Ce seront les témoignages qui en formeront l’épine dorsale. Le décor sera minimal, le jeu de scène sobre et discret, seulement soutenu et rythmé par des images vidéo projetées sur un écran.
Simplicité et modernité au service du texte issu de la parole libre des veuves et qui doit tout emporter. Les épreuves traversées, la perte, le manque, le sentiment d’injustice… tout est déjà là, dans les mots, et rien ne doit venir perturber l’émotion brute qui s’en dégage.
La date de la manifestation nationale de l’Andeva approchant, l’idée est lancée de faire appel à la Langue fourchue du papillon pour animer la fin de journée.

Paris, Vincennes

Le jour venu, le spectacle, très court, inspiré de la pièce toujours en phase d’écriture, se joue à l’air libre devant 5000 personnes.
L’émotion est palpable, le silence profond. Pendant les quelques minutes que dure la représentation, on dirait que Paris tout entier se tait.

Les mois passent. L’hiver s’installe et l’écriture touche à sa fin. Il est temps de lever un coin de voile sur ce que sera la pièce qui possède désormais un titre : « Mais qu’est-ce que vous voulez de plus ? », lancé comme un défi à la face de ceux qui s’étonnent qu’une contrepartie financière ne puisse pas faire oublier la perte d’un mari ou d’un père.

La compagnie se rend à Vincennes le 22 janvier pour la réunion de réseau annuelle de l’Andeva. Elle y interprète un extrait d’une demi-heure dans la salle de réunion de la MNFCT qui pourtant ne s’y prête guère. Beaucoup d’émotion, là encore. Il faut dire que pour ceux qui ce jour là composent l’assistance, ce n’est pas une pièce comme une autre. Les situations qui se jouent devant eux, ils les ont vécues.
Ces personnages qui s’animent sur l’estrade, ils les ont rencontrés.

Cherbourg

Quinze jours plus tard, à Cherbourg, c’est enfin le premier filage (pièce jouée dans son ensemble) devant un parterre d’invités.
Les veuves de Dunkerque ont fait le déplacement en compagnie de Laëtitia Pluta, secrétaire de l’Ardeva 59-62. Beaucoup de larmes et de sanglots refoulés à l’issue de la représentation. De la fierté aussi, de voir leurs souffrances et leur combat si justement et dignement portés.

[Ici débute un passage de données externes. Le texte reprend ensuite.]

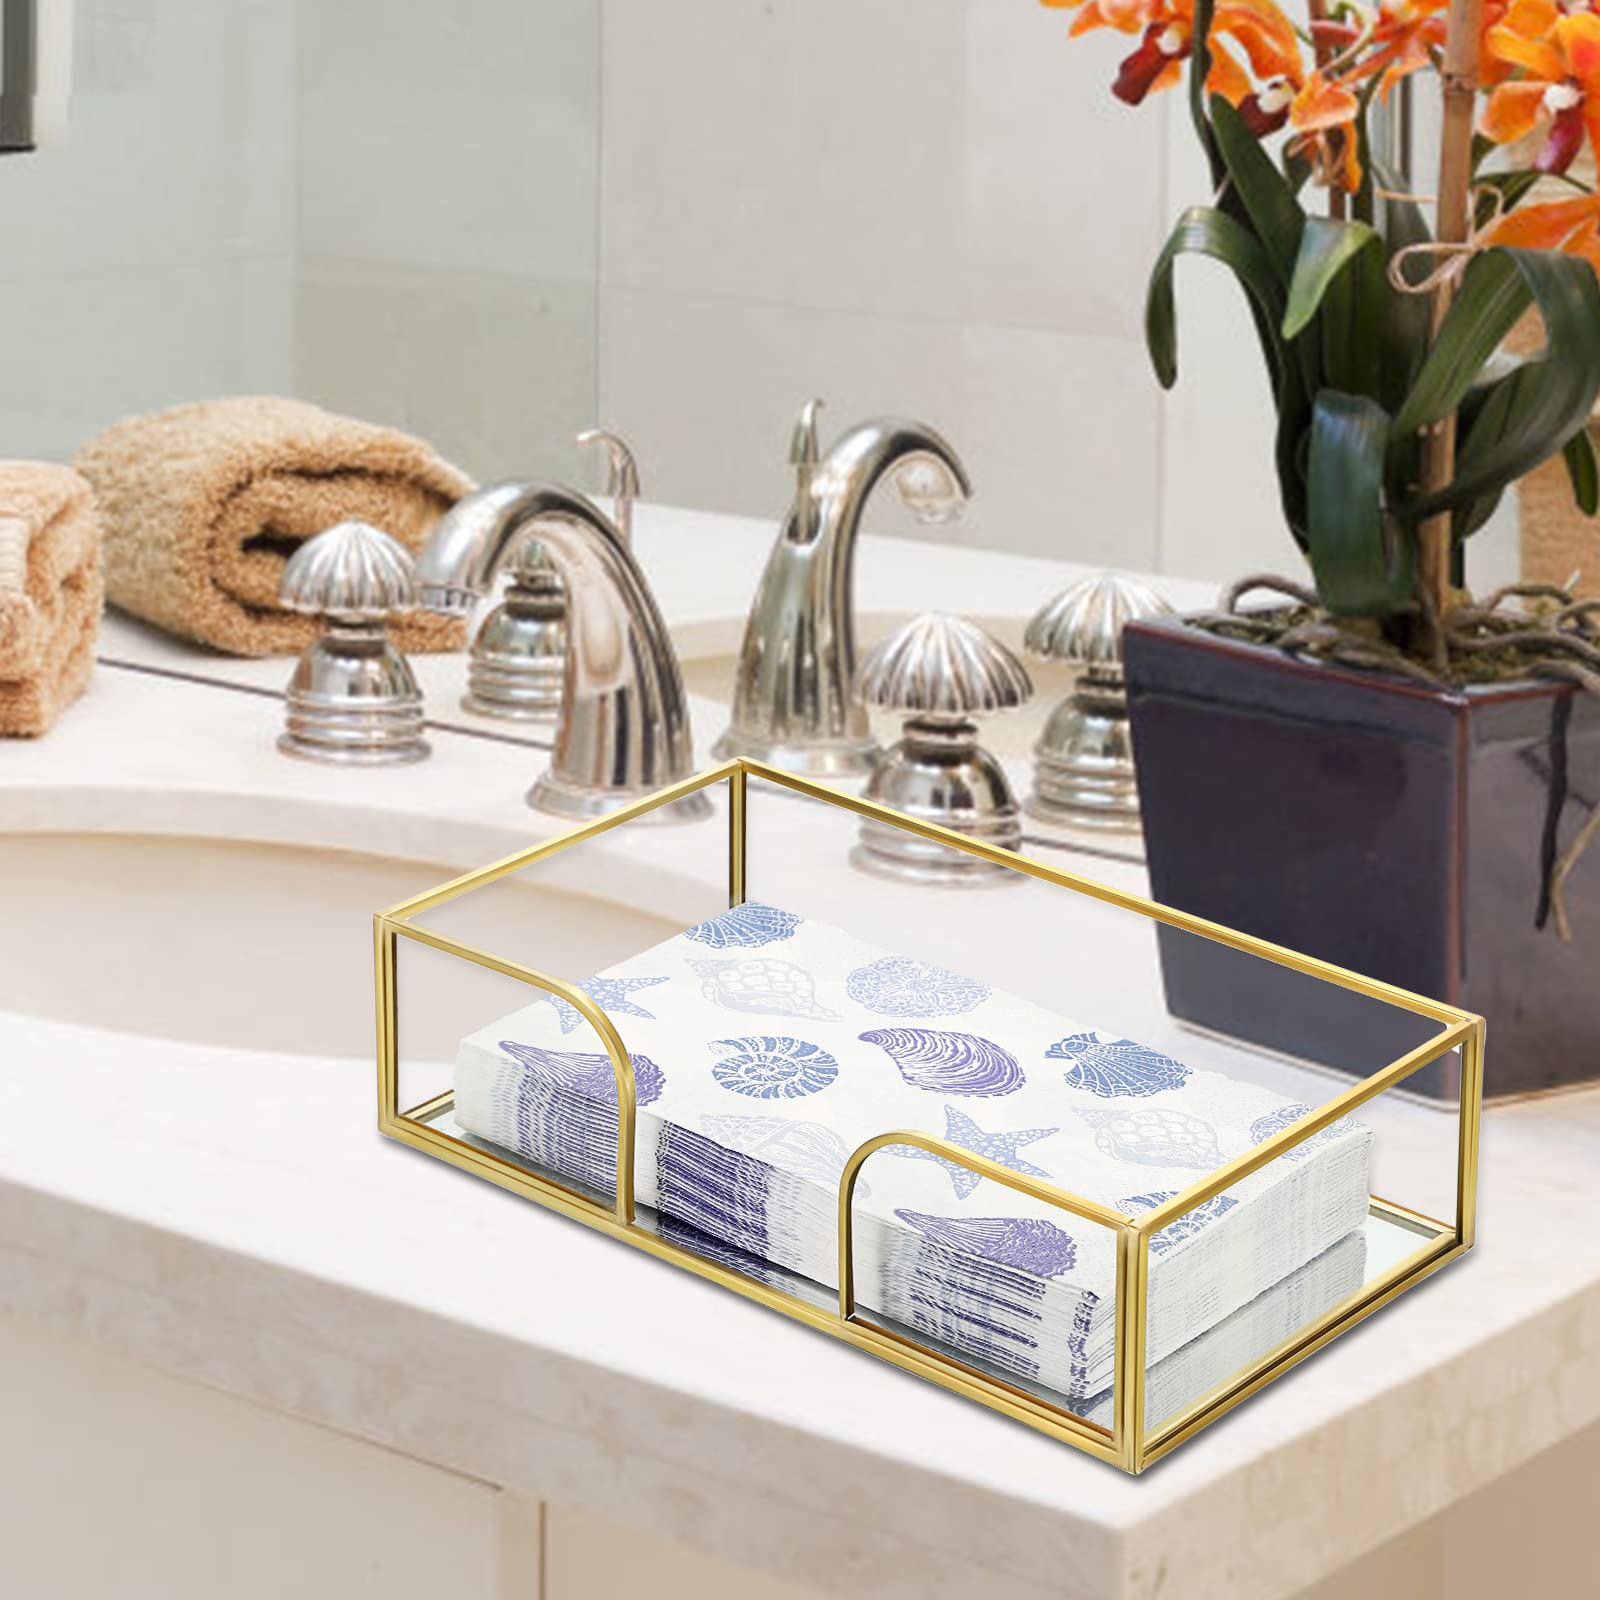 Sumnacon Bathroom Guest Towel Holder - Rectangle Glass Napkin Holder for Guest Hand Towels Paper Napkins, Decorative Napkin Holder Tray for Bathroom Vanity Toilet Tank Table Kitchen Countertop, Gold
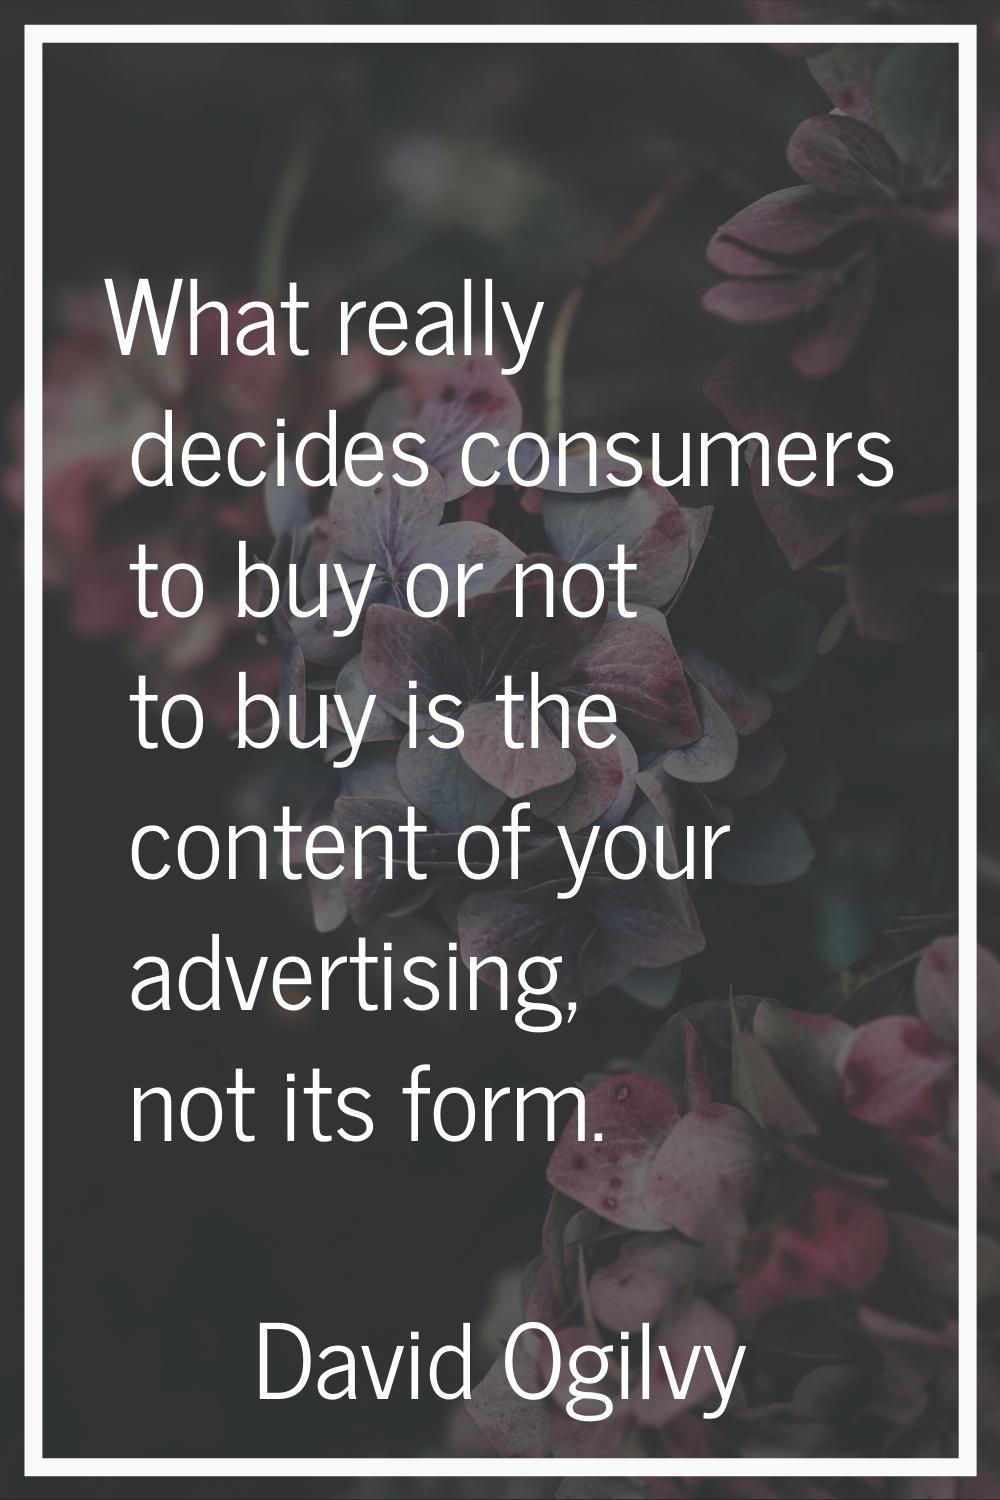 What really decides consumers to buy or not to buy is the content of your advertising, not its form

C’est maintenant l’avant première officielle, toujours à Cherbourg, qui se profile, Ce sera le 17 mars, pour l’ouverture du festival « Femmes dans la ville », là où tout à commencé, un an plus tôt. La boucle est donc bouclée mais l’histoire n’est pas terminée pour autant.

Elle va se poursuivre le 26 mars à Dunkerque, la seconde maison, pour une représentation forcément très attendue. Puis il y a aussi l’inattendu, la cerise sur le gâteau, la sélection pour le « Masque d’or », distinction théâtrale honorifique dont la cérémonie se tiendra à Granville en Normandie le 27 mars. C’est pendant le filage du 29 janvier qu’une envoyée du Masque a découvert la pièce et pris la décision de l’intégrer à son programme.
Le mois d’avril sera lui aussi bien rempli pour Laurence Bohec et sa troupe. Le 9 ils seront à Bordeaux, à l’invitation d’Allo Amiante, et le 27 à Tourlaville, tout près de leurs bases Cherbourgeoises.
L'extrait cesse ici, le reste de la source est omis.